My constructor takes a filename of a text file and converts it to an ArrayList of all the words in lowercase, without punctuation or white space. These specs, along with the constructor's argument are specified by my homework assignment, so don't suggest I change them.
private ArrayList<String> list;
public Tokenizer(String file) throws IOException {
list = new ArrayList<>();
String thisLine;
BufferedReader br = new BufferedReader(new FileReader(file));
while ((thisLine = br.readLine()) != null)
list.addAll(Arrays.asList(thisLine.replaceAll("\\p{Punct}+"," ").toLowerCase().split("\\s+")));
}
My problem is that there are many empty strings that appear. I've tried using "-1" as the second argument in "split", but it doesn't seem to do anything.
My other question is if its inefficient to do Arrays.asList, or if I should just create an iterator, plus if you think I do anything else wrong. eg, is there another way to input a filename into the BufferedReader?
Thanks
Edit 1:
Below is test I used for an online book (it is a text file and there are not problems with the text file) I found on project Gutenberg. I also get similar results when using a text file that I personally create, so don't think its a problem with the text file itself.
In fact, I'll just reproduce my entire code since its pretty simple:
import java.io.BufferedReader;
import java.io.FileReader;
import java.io.IOException;
import java.util.*;
public class Tokenizer {
private ArrayList<String> list;
public Tokenizer(String file) throws IOException {
list = new ArrayList<>();
String thisLine;
BufferedReader br = new BufferedReader(new FileReader(file));
while ((thisLine = br.readLine()) != null)
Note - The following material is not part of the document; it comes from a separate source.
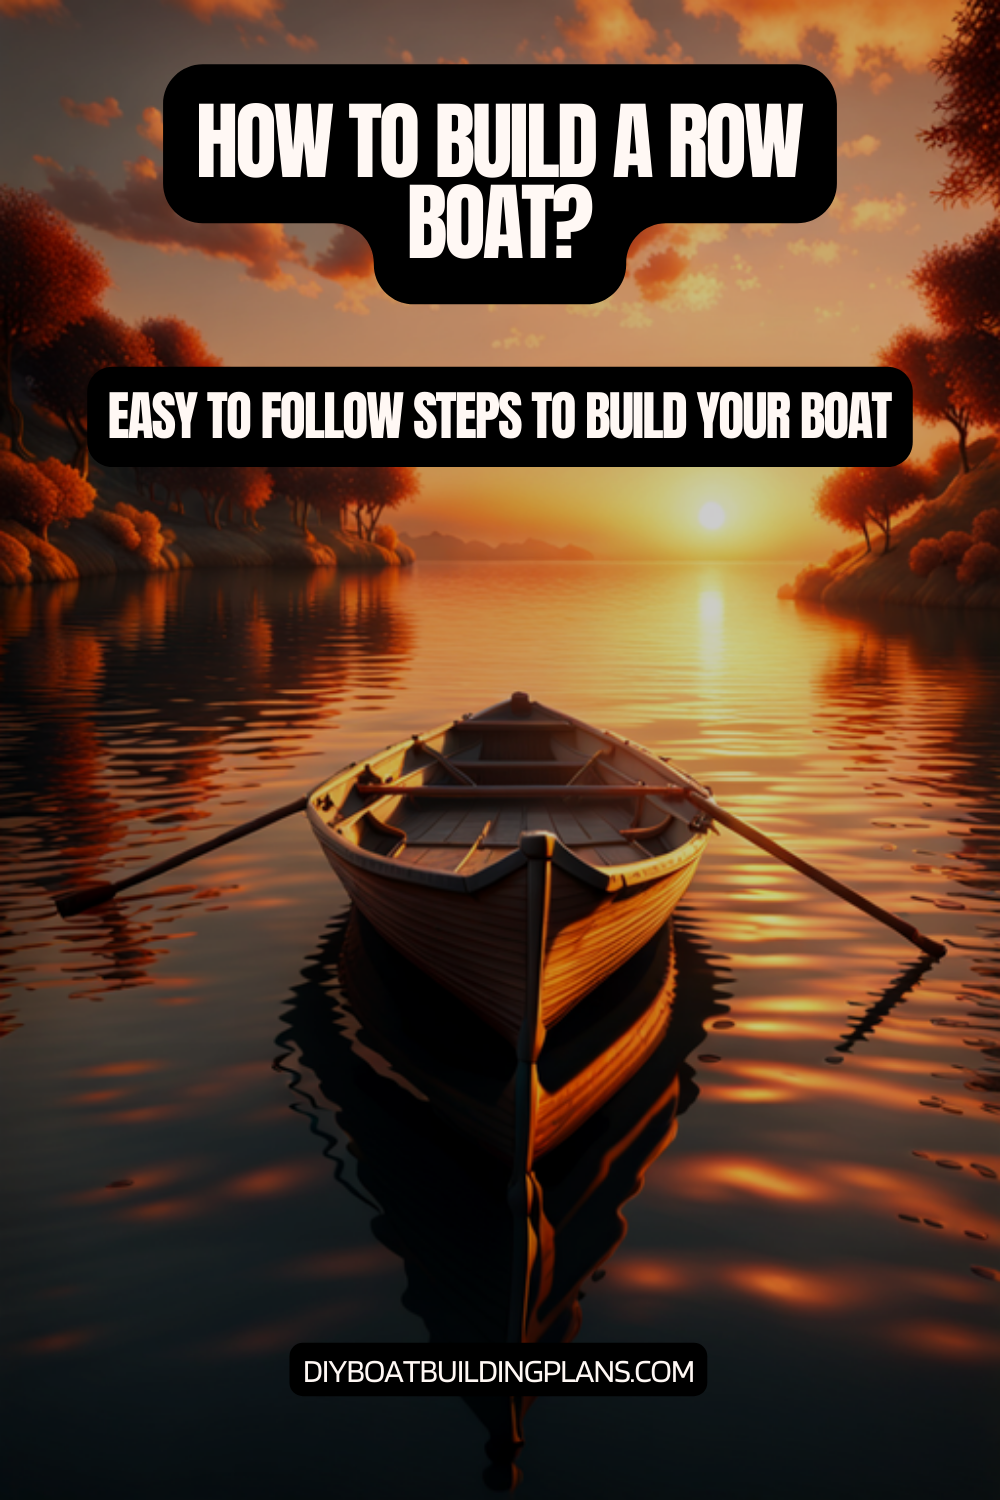 How To Build a Row Boat

list.addAll(Arrays.asList(thisLine.replaceAll("\\p{Punct}+"," ").toLowerCase().trim().split("\\s+")));
}
public ArrayList<String> wordList() {
return list;
}
public static void main(String[] args) throws IOException {
Tokenizer T = new Tokenizer("C:\\...\\1898amongmyb00loweuoft_djvu.txt");
ArrayList<String> array = T.wordList();
for(int i = 0; i < 20; i++) {
System.out.println(array.get(i));
}
}
}
And here is my output:
i
9
digitized
by
the
internet
archive
in
2007
with
funding
from
microsoft
corporation
No, those empty lines are not white space. They are empty strings. As in, "". I hope I am as clear as possible.
Since it will probably cause confusion, no that is not the actual argument I use for the path name of the file. The ellipsis (the "...") is just a shorthand, so I don't have to reveal my computer directories to the internet.
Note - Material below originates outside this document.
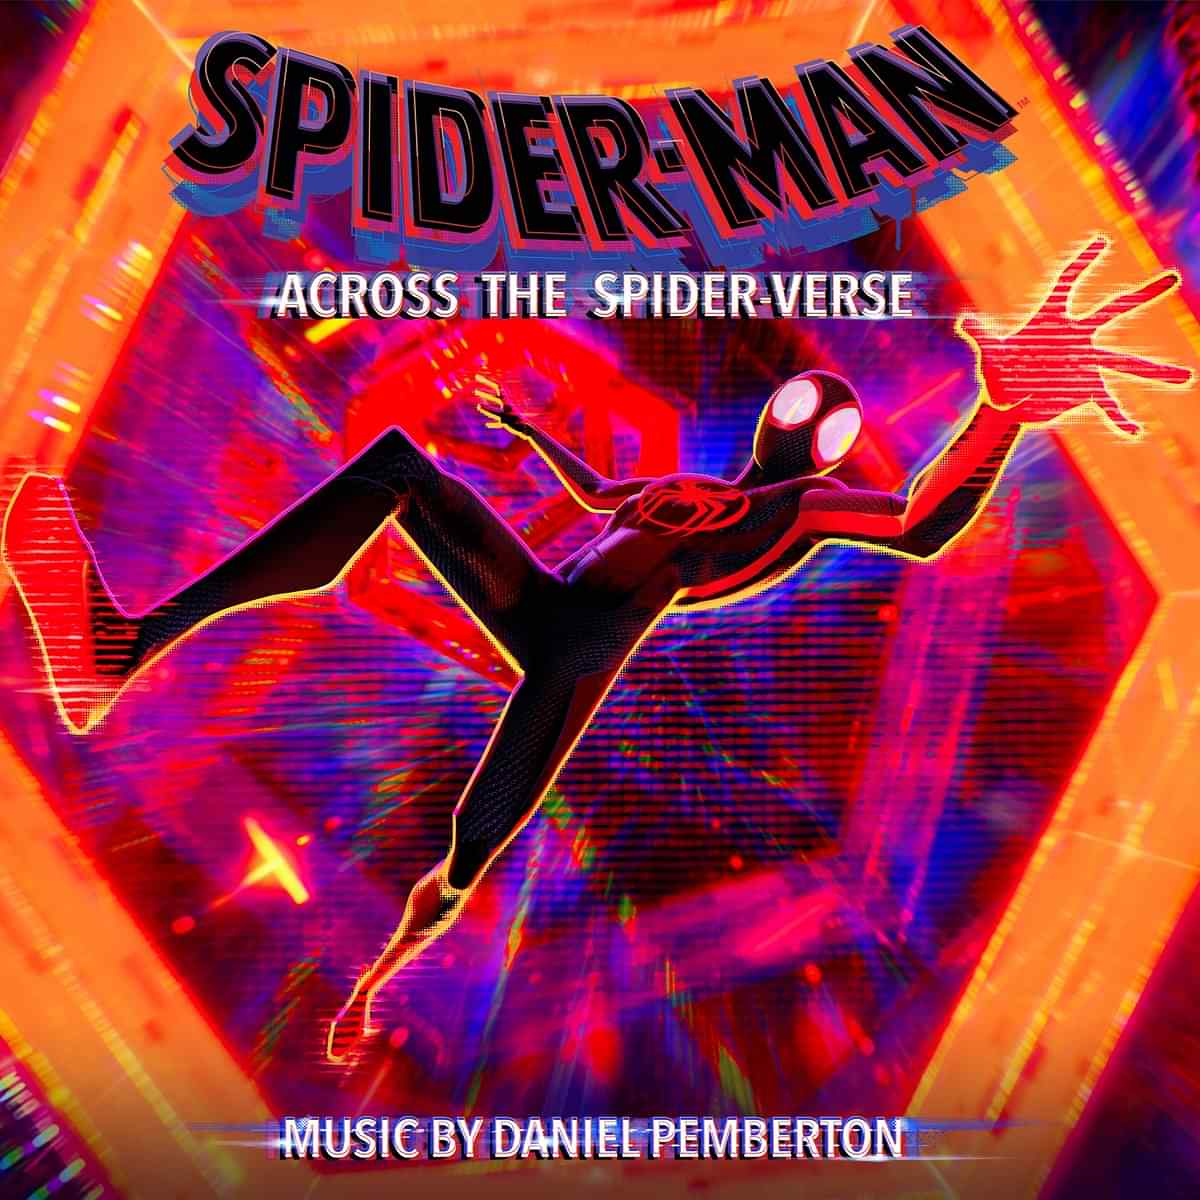 Spider-Man: Into the Spider-Verse with Miles Morales opens at $35

Also, yes there is another empty string at the end, but this website's interface will not let me put it there.
Edit 2:
I always forget something, here is the first few lines of the text file:
I 9
Digitized by the Internet Archive
in 2007 with funding from
Microsoft Corporation
http://www.archive.org/details/1898amongmyb00loweuoft
James Ettsscll Lotocll.
COMPLETE POETICAL AND PROSE WORKS. Riverside
Edition, n vols, crown 8vo, gilt top, each, $ 1.50 ; the set,
$ 1 6. 50.
1-4. Literary Essays (including My Study Windows, Among
My Books, Fireside Travels) ; 5. Political Essays ; 6. Literary
and Political Addresses ; 7. Latest Literary Essays and Ad-
dresses, The Old English Dramatists ; 8-1 1. Poems.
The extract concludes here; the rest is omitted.